Transfer learning involves leveraging knowledge gained from pre-training a model on one task to improve performance on a different but related task. When integrating pre-trained models with feature pyramid network (FPN) for improved performance, the general approach is to use a pre-trained backbone network and build the FPN on top of it. By integrating a pre-trained backbone with FPN, you can benefit from the generalization capabilities of the pre-trained model while simultaneously leveraging the multi-scale feature representation provided by FPN. This combination is particularly powerful for tasks like object detection, where capturing both high-level semantic information and fine-grained spatial details is essential for accurate predictions. The integration of pre-trained models with FPN helps in achieving better performance on a wide range of computer vision tasks with limited annotated data. According to Table 6, FPN contributes to improving the accuracy of object detection models, especially in scenarios with a large number of background examples, by addressing the class imbalance problem. It allows the model to focus more on challenging instances, leading to better performance in terms of accuracy, precision, recall, and F1-score, particularly for the minority class (foreground) in object detection tasks.

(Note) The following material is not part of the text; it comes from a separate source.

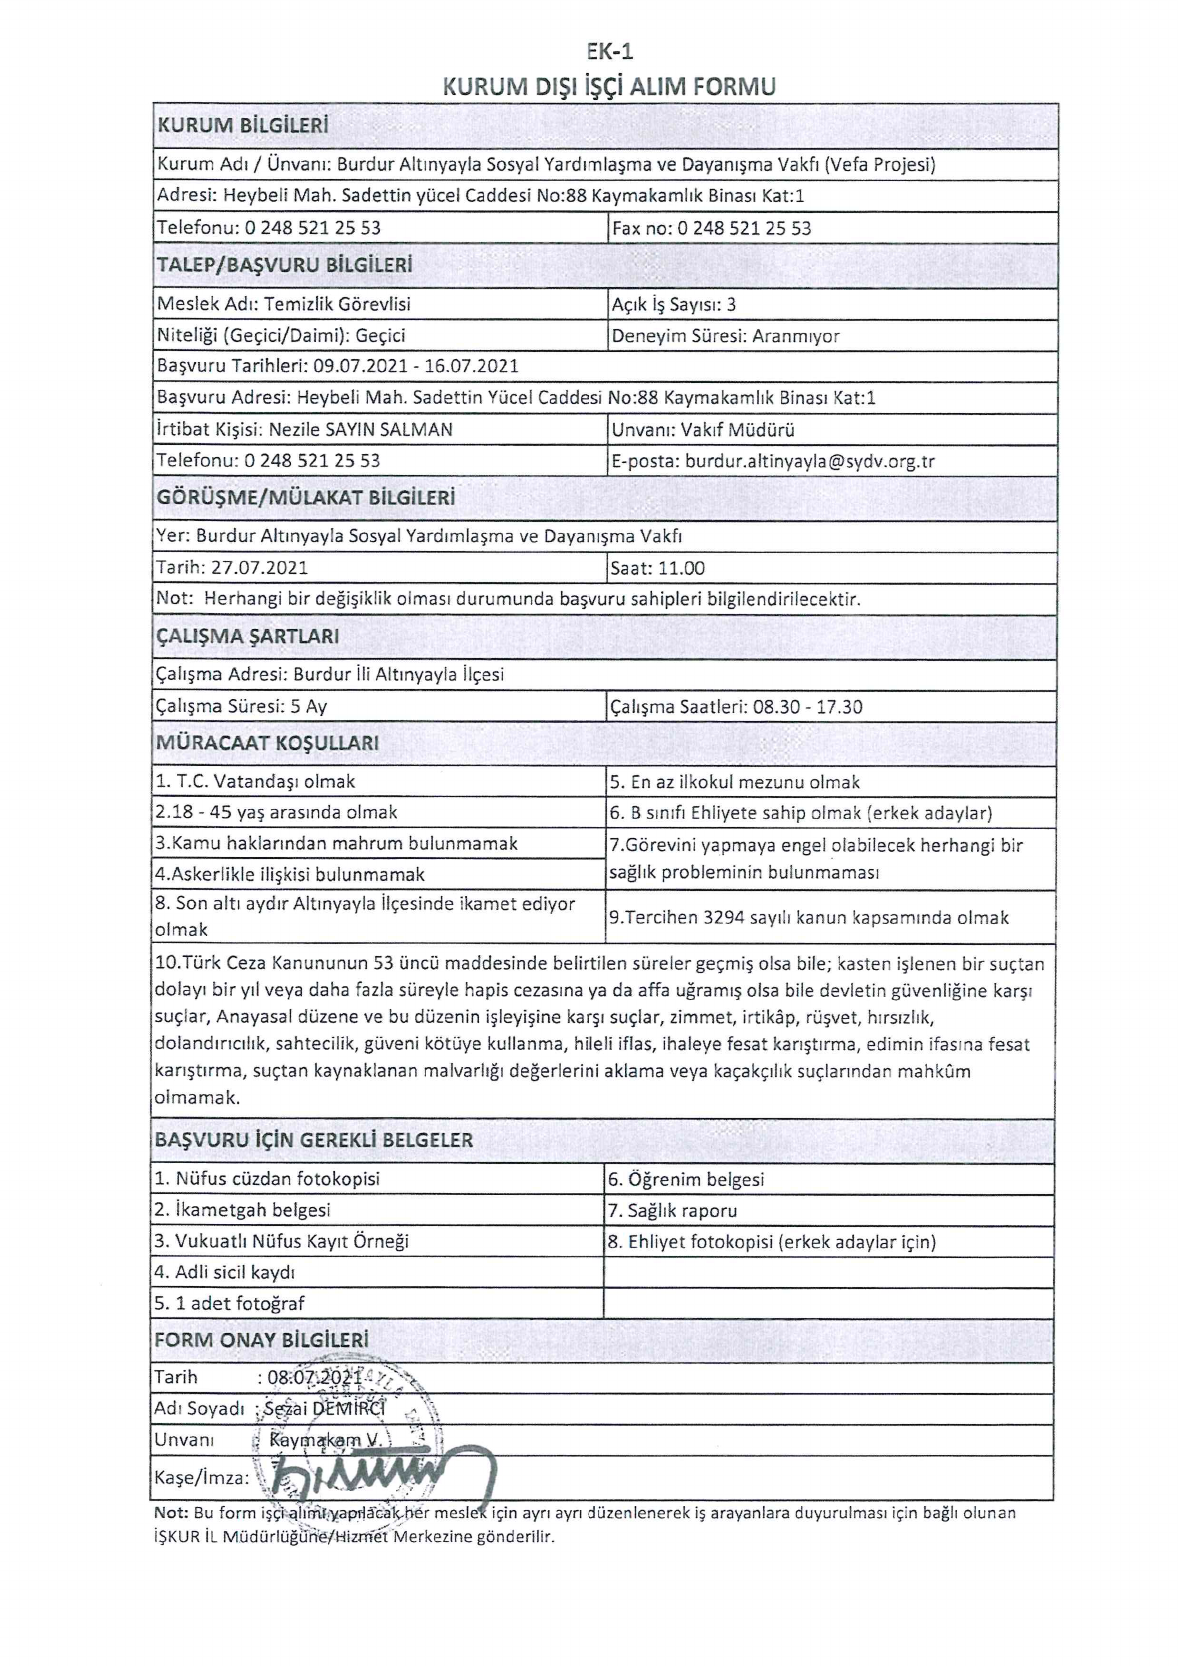 burdur-altinyayla-sydv-16-07-2021-000001.png

Table 6 Comparison of FPN performance with pre-trained model DenseNet-121

5 Conclusion

Road safety and traffic control are significantly impacted by the creation and implementation of a TSR system. TSR systems offer several benefits. They improve the driver's understanding of their surroundings by delivering precise and timely details regarding speed limits, traffic rules, and the state of the roads. This promotes safe driving practices and lessens the possibility of accidents brought on by carelessness or disregard for traffic signs. These technologies can also help to reduce infractions and increase adherence to traffic laws, which will make the roads safer for all road users in the long run. The development and use of autonomous vehicles are further supported by TSR technologies. These technologies enable autonomous vehicles to navigate and interact with their environment successfully by correctly recognizing and interpreting traffic signs. By ensuring that vehicles can react appropriately to traffic signs, this technology improves the safety and dependability of autonomous driving, contributing to increased traffic flow efficiency and road safety. The accuracy and dependability of TSR systems are improving due to ongoing developments in computer vision and AI. This paper introduces a deep learning system designed for efficient TSR. The RetinaNet-based traffic sign detection model and the DenseNet-121-based traffic sign classification model constitute the suggested TSR model. The detection and classification models are evaluated using the GTSDB and GTSRB datasets, each serving their purpose in assessing the models. The results indicated that the suggested TSR system has enhanced its ability to detect and classify traffic signs.